↓↓↓
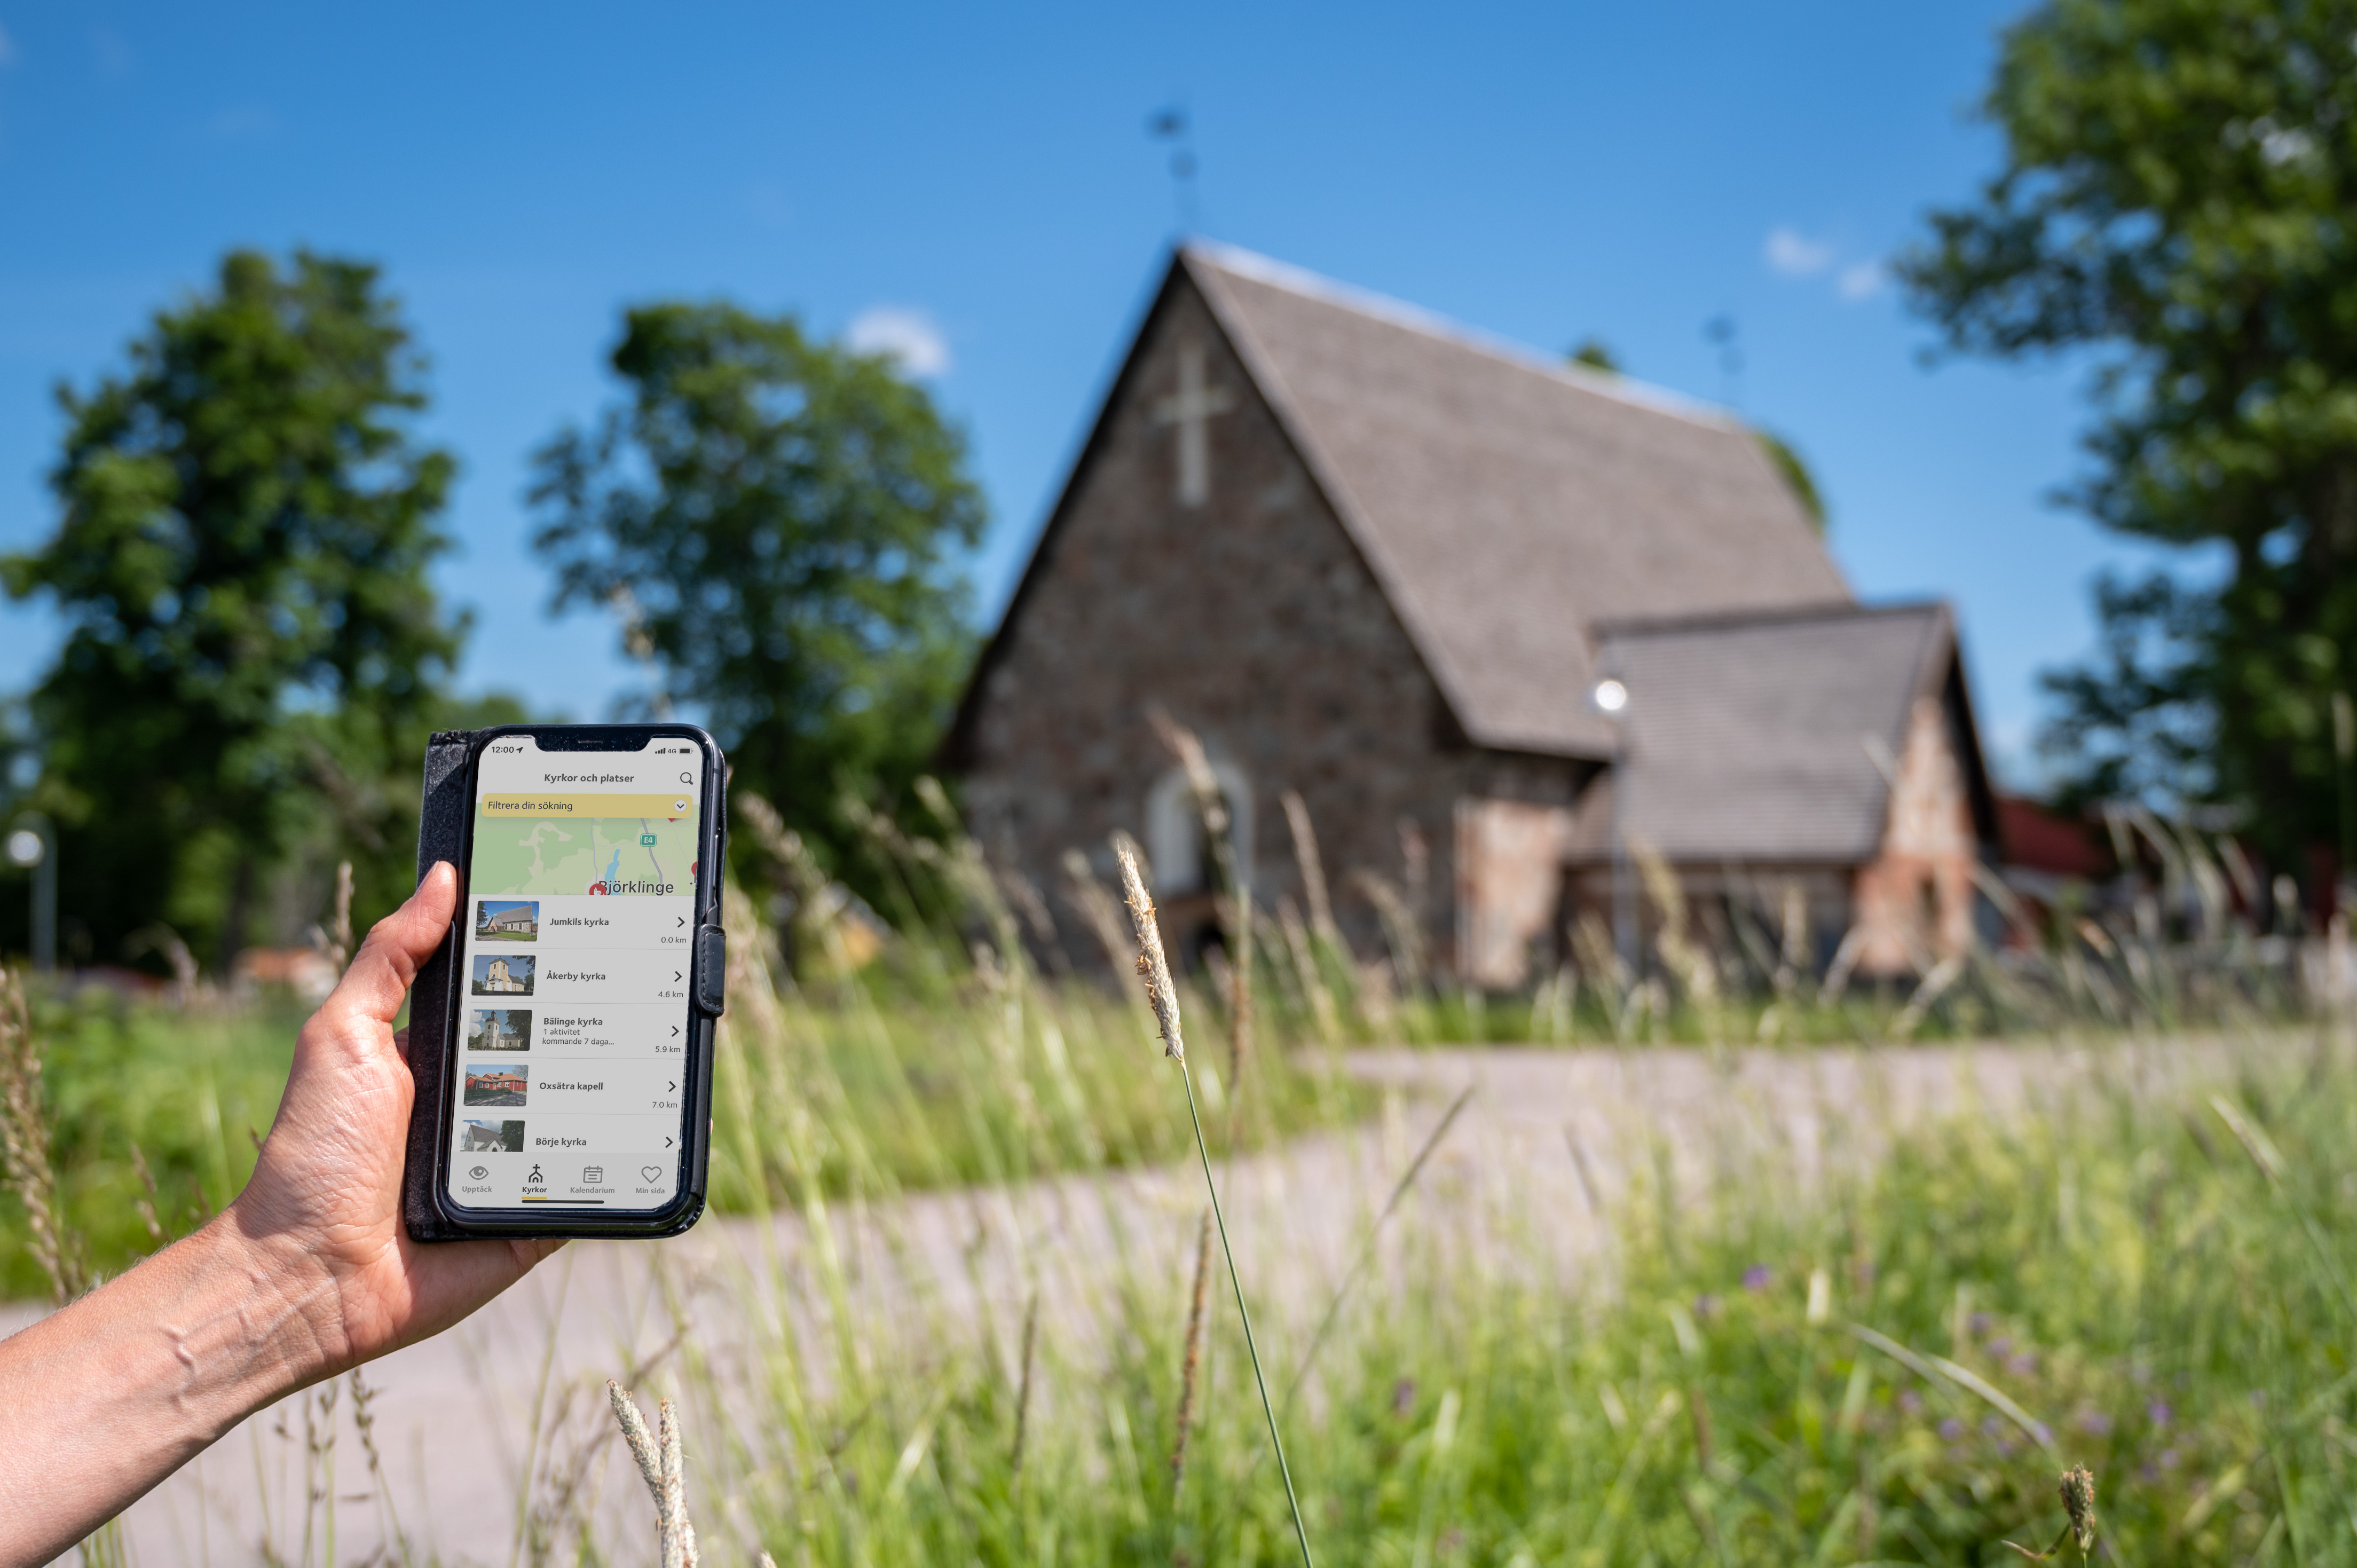 En person som kommit fram till en gammal kyrka håller en mobiltelefon i handen. På skärmen visas information om kyrkan.
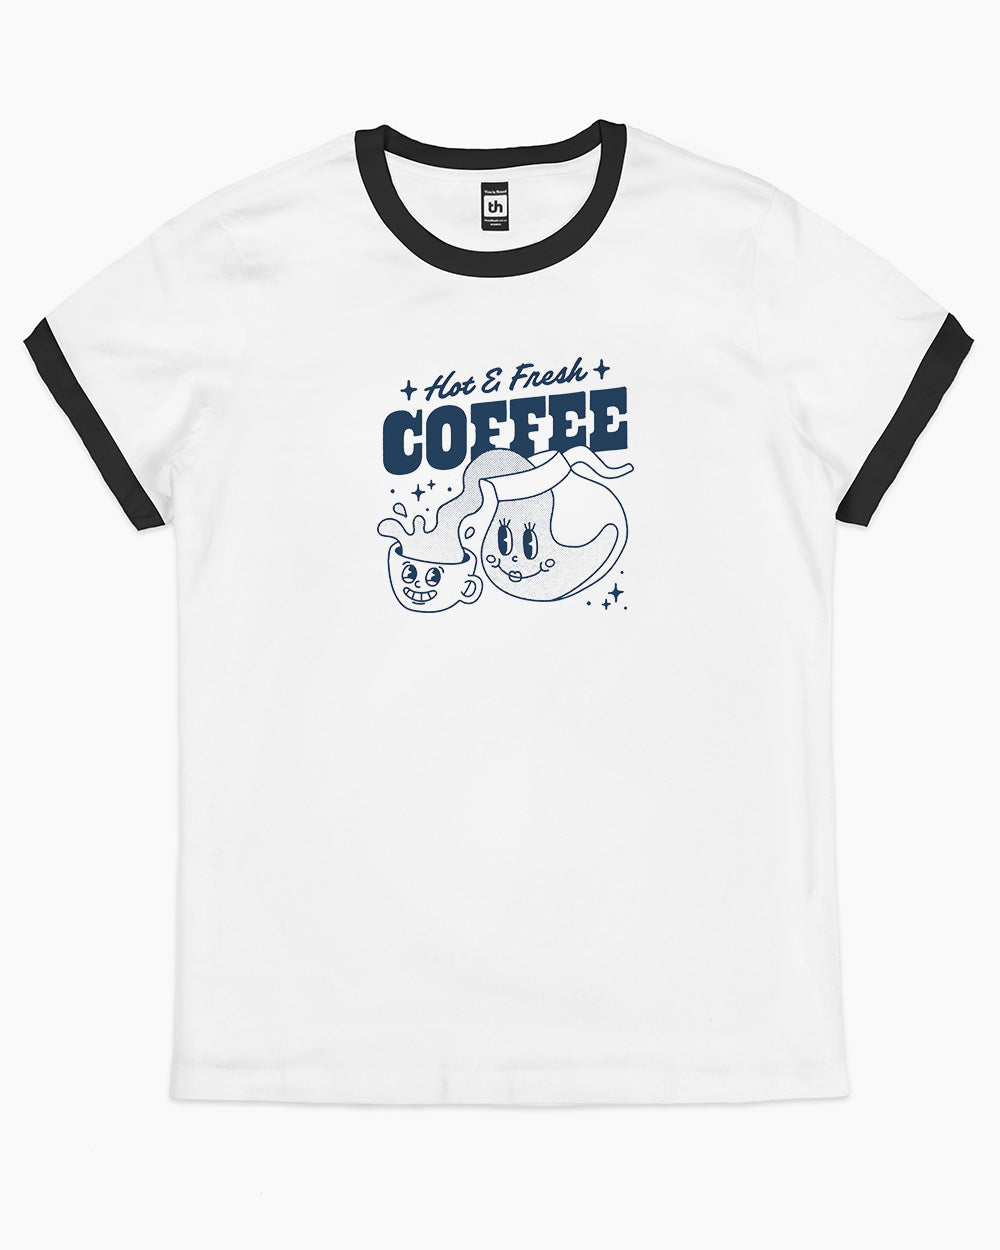 Hot & Fresh Coffee T-Shirt Australia Online #colour_black ringer
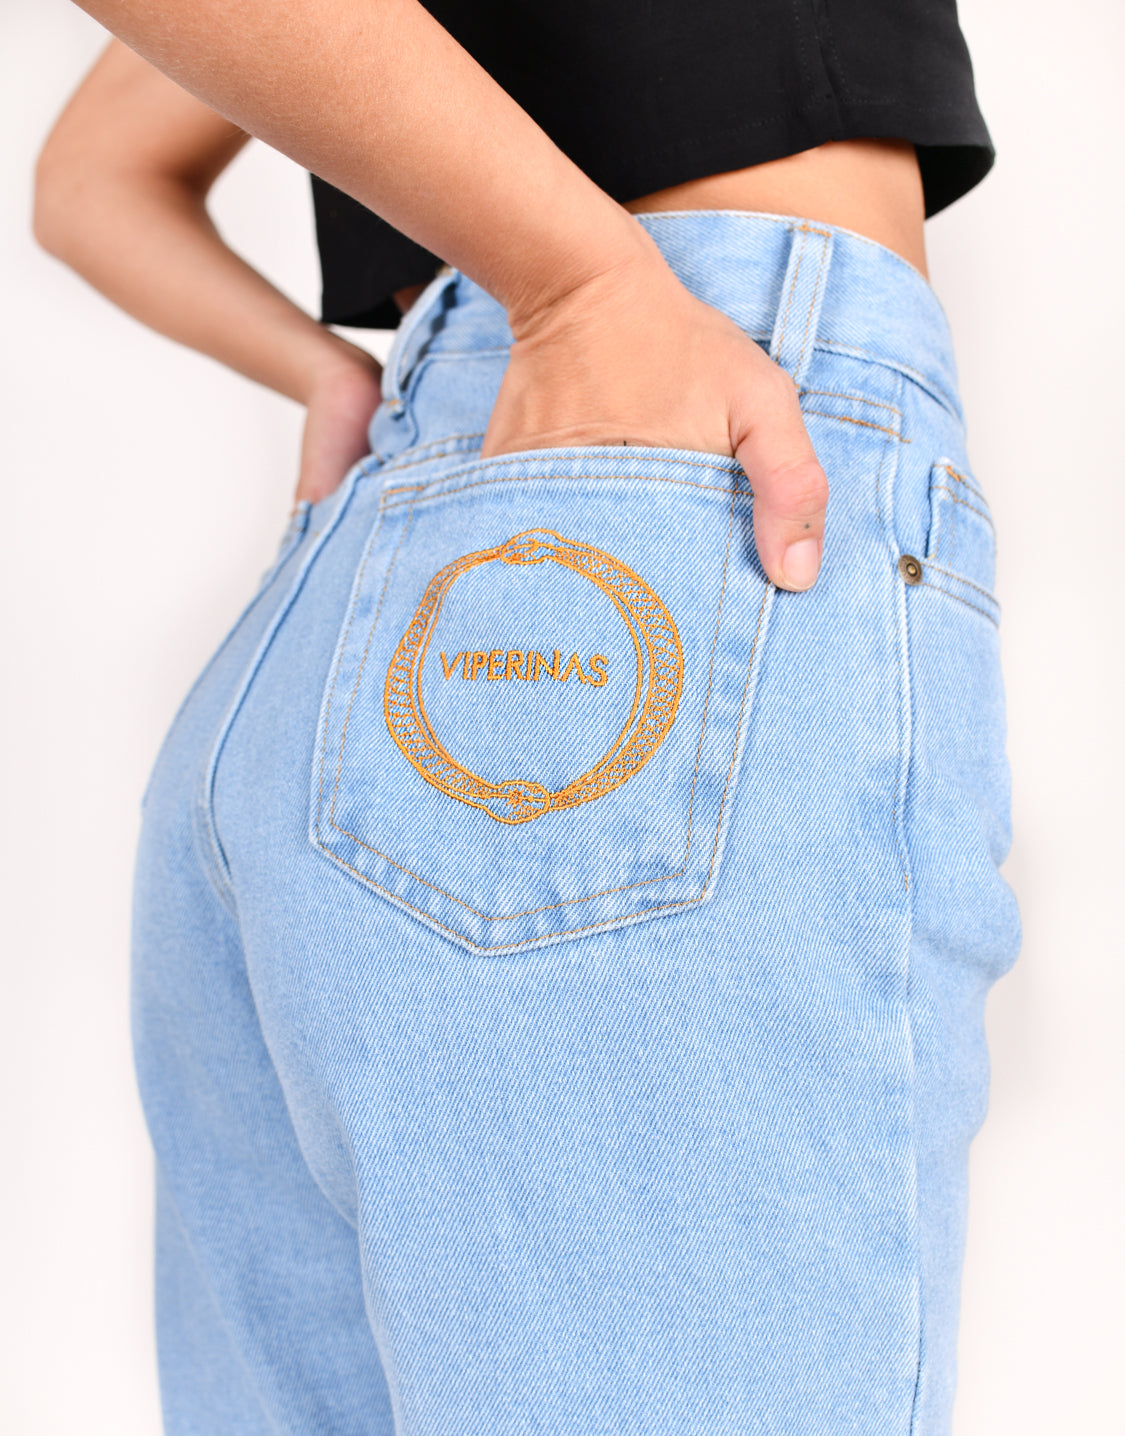 Viperinas Online Store | Jeans Early 90s  | Composición:  Composición: 100% algodón Material Sostenible  | Envíos a todo el mundo | Marca de Ropa canaria | Moda Mujer | Jeans Viperinas
↑↑↑
Return every line above exactly, omitting images.

 En person som kommit fram till en gammal kyrka håller en mobiltelefon i handen. På skärmen visas information om kyrkan.
 Hot & Fresh Coffee T-Shirt Australia Online #colour_black ringer
 Viperinas Online Store | Jeans Early 90s  | Composición:  Composición: 100% algodón Material Sostenible  | Envíos a todo el mundo | Marca de Ropa canaria | Moda Mujer | Jeans Viperinas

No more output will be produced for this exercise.